Flanagan quit his private law practice last week, but is not voluntarily disclosing his clients. He says he will comply with the new laws approved in the budget but they will not take effect for several months. Flanagan says he has not represented any clients that have business before the state, and is unaware of which of his firm’s clients have interests before state government.  

“I’m telling you I don’t know,” Flanagan said.

When he was told by a reporter that the firm does indeed have several clients with business before the state, Flanagan talked of past attempts by the legislature at fuller disclosure, that have yet to be completed.

“We passed a law a couple of years ago that required a database to be put out to the public which has never been accomplished,” he said. “I still think that should be done.”

Democrats in the Senate have been pushing a bill to close a loophole in existing campaign finance laws.

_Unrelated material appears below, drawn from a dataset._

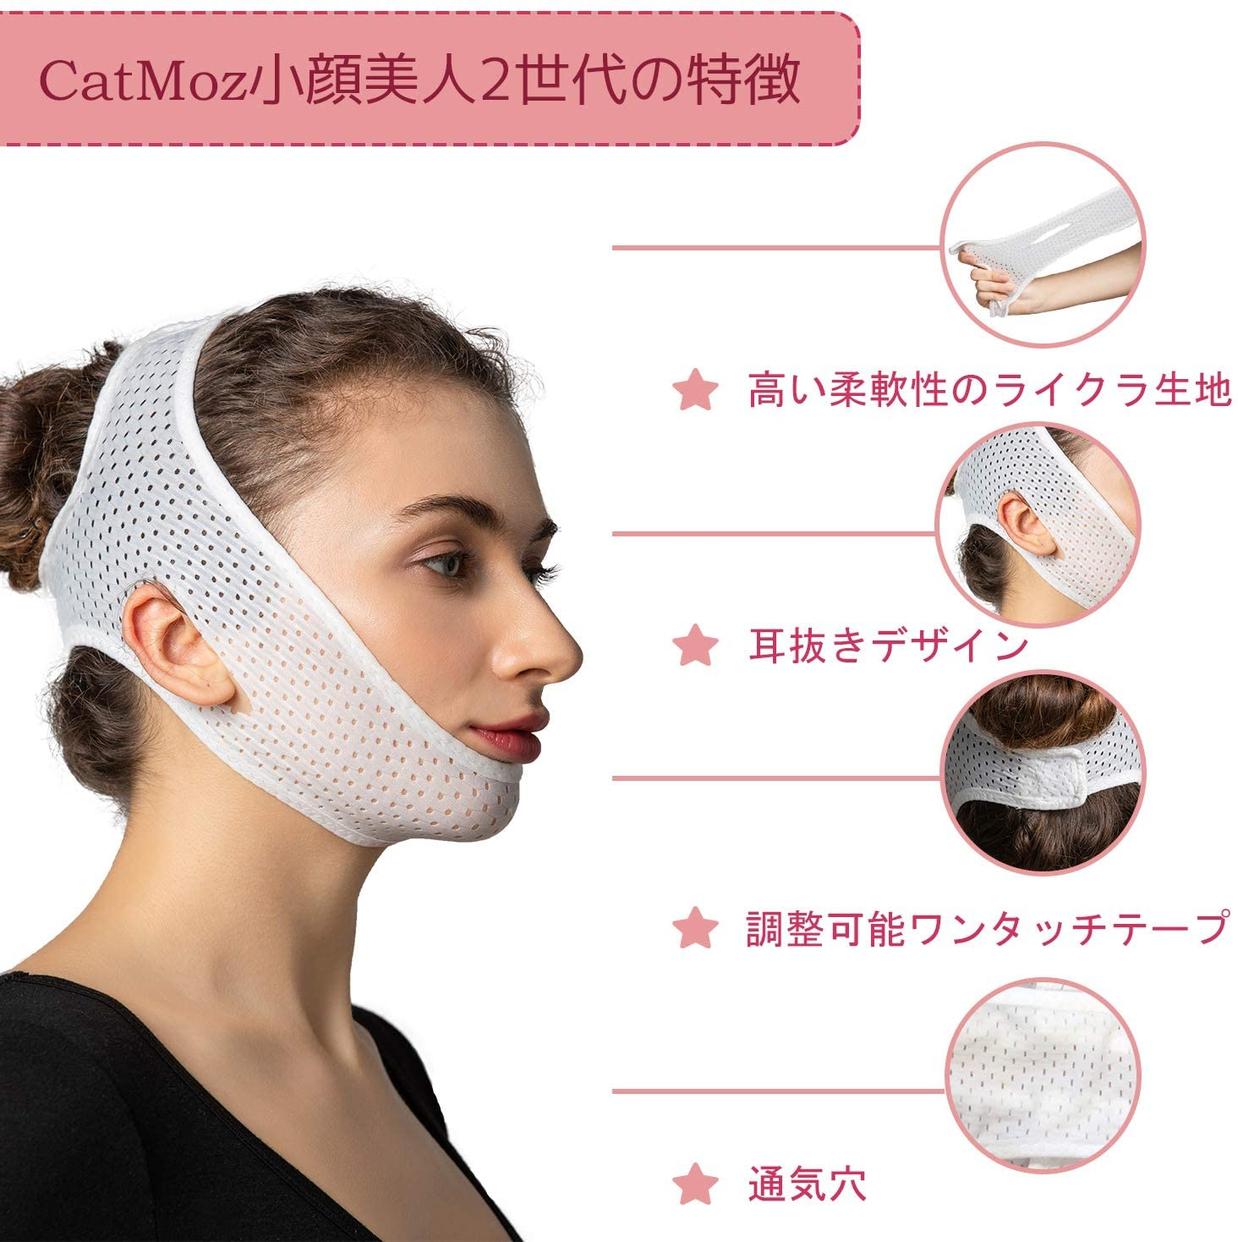 CatMoz(キャットモズ) 小顔美人第2世リフトアップベルト 101010-0000の商品画像2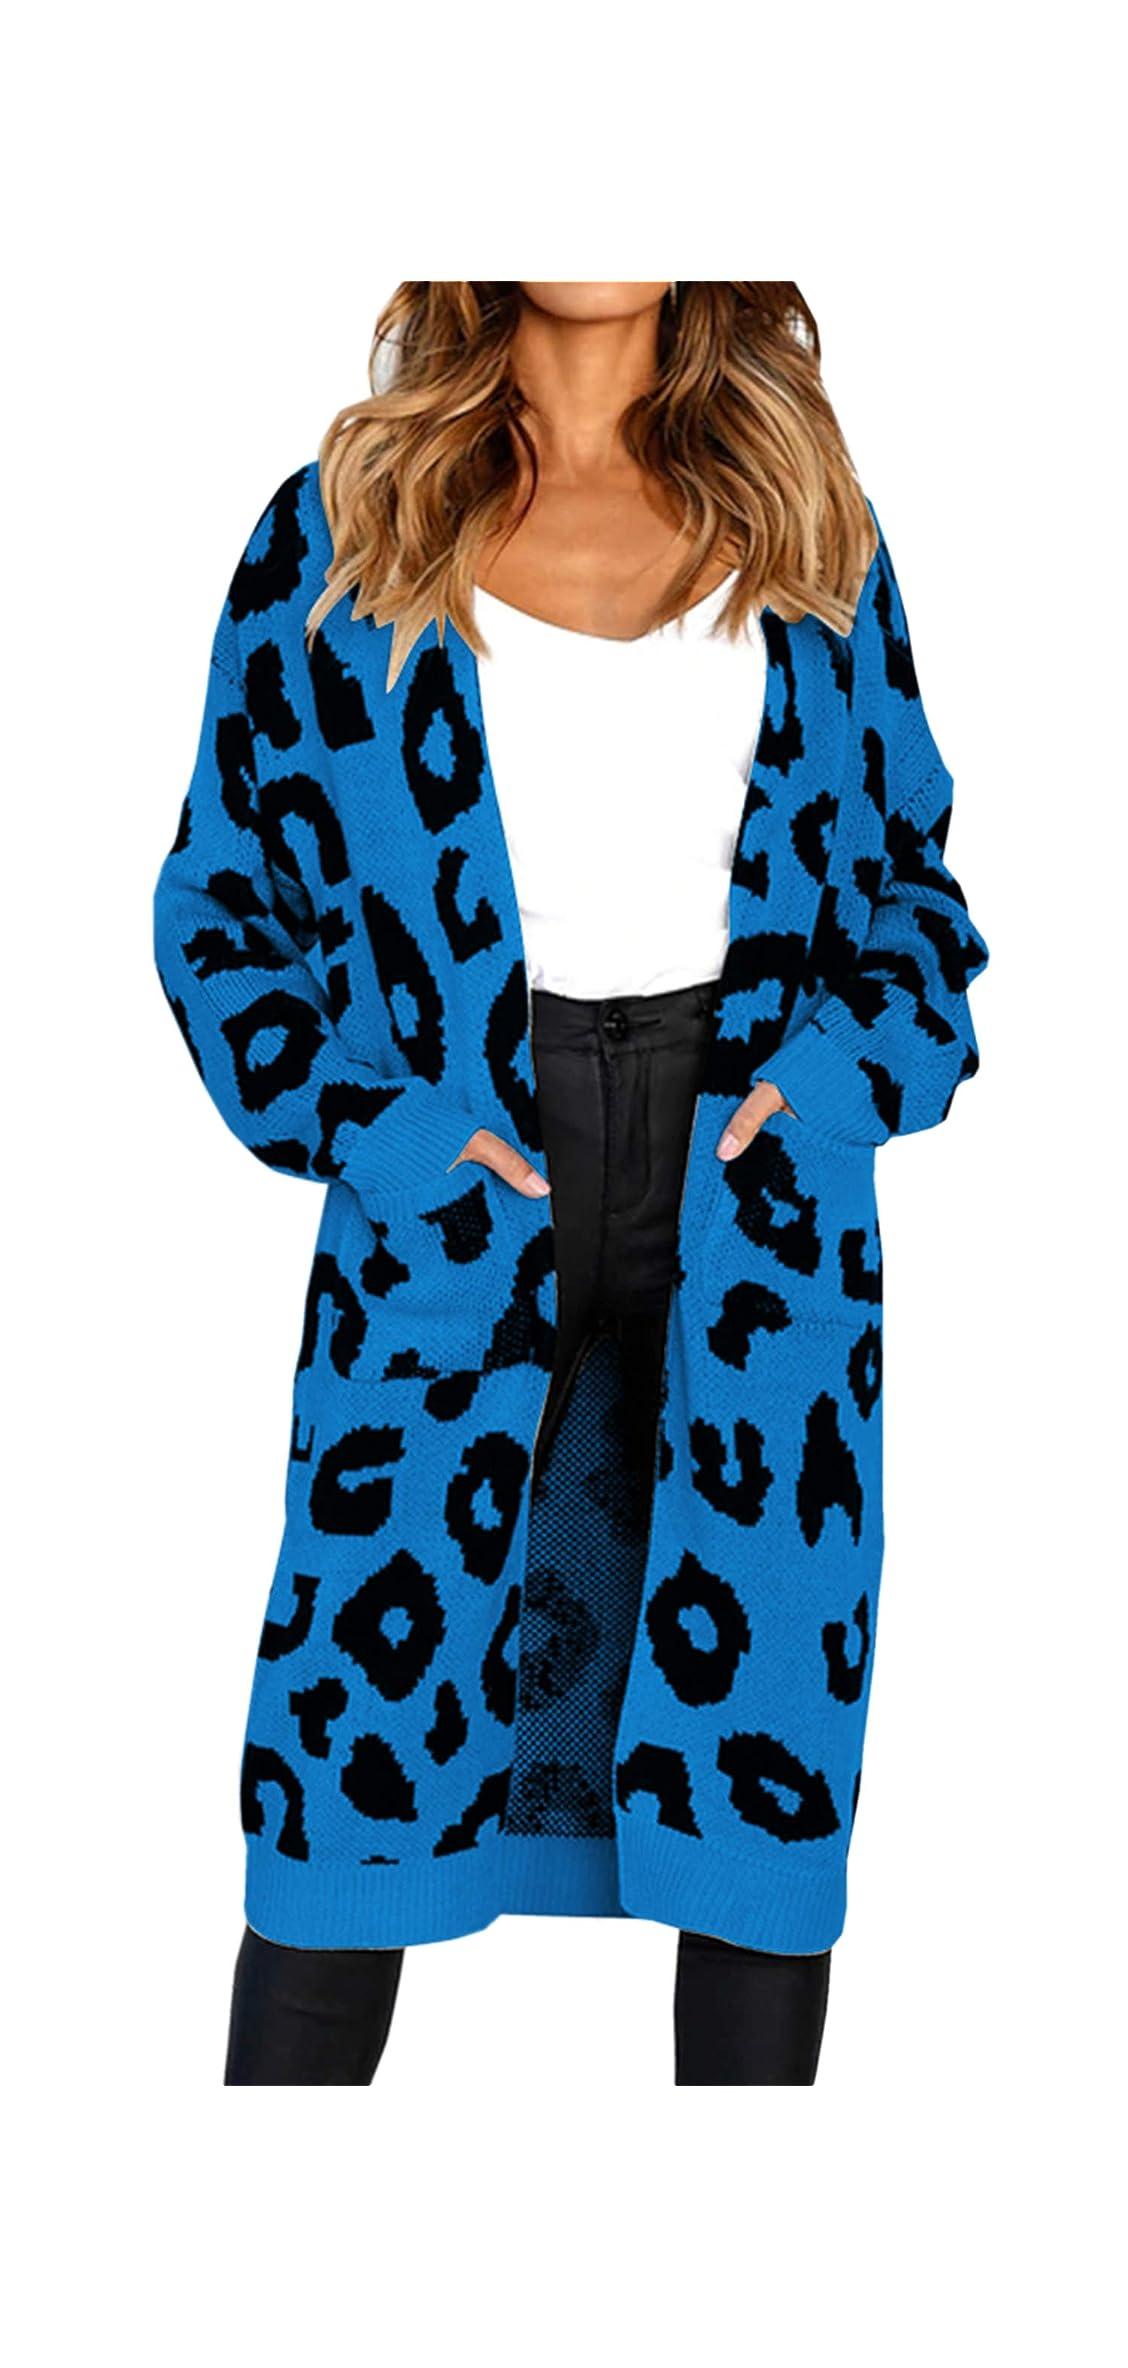 Women's Long Sleeves Leopard Print Knitting Cardigan

It permits individuals and corporations to create Limited Liability Companies, or LLC’s, to donate money and skirt existing donor limits. The bill was voted out of the elections committee and is currently before the Committee on Corporations, Authorities and Commissions, which does not meet regularly.

LLC’s have figured into the corruption charges against both Skelos, and former Assembly Speaker Sheldon Silver. Both accepted LLC donations from Glenwood management, a real estate company. Glenwood has not been accused of any wrong doing, but its senior executive has become a cooperating witness in the Skelos case.

Flanagan, like many senators, other lawmakers, and Gov. Andrew Cuomo, has also received campaign donations form Glenwood management.     

Flanagan did not offer his opinion on the LLC bill, but says republicans will be talking it over in their private party conference meetings.

“It would be precipitous of me to suggest what the conference will do,” said Flanagan. “I guarantee that will be a discussion that the conference will have.”

Blair Horner, with the New York Public Interest Research Group, a long time advocate of reform, says changes are not likely to happen until the remaining federal investigations are concluded. U.S. Attorney Preet Bharara, after the arrest of former Speaker Sheldon Silver and after former Skelos’ surrender to authorities, has said to “stay tuned."

Horner says, unlikely as it sounds, it seems that Albany has not yet reached its “tipping point," despite five Senate leaders, two Assembly speakers and the previous two governors having trouble with the law.

“I don’t know what it takes, frankly,” Horner said.

Horner says it’s now up to Cuomo to propose any additional reforms. He says in the past, it’s been the executive, not the legislature who drives change.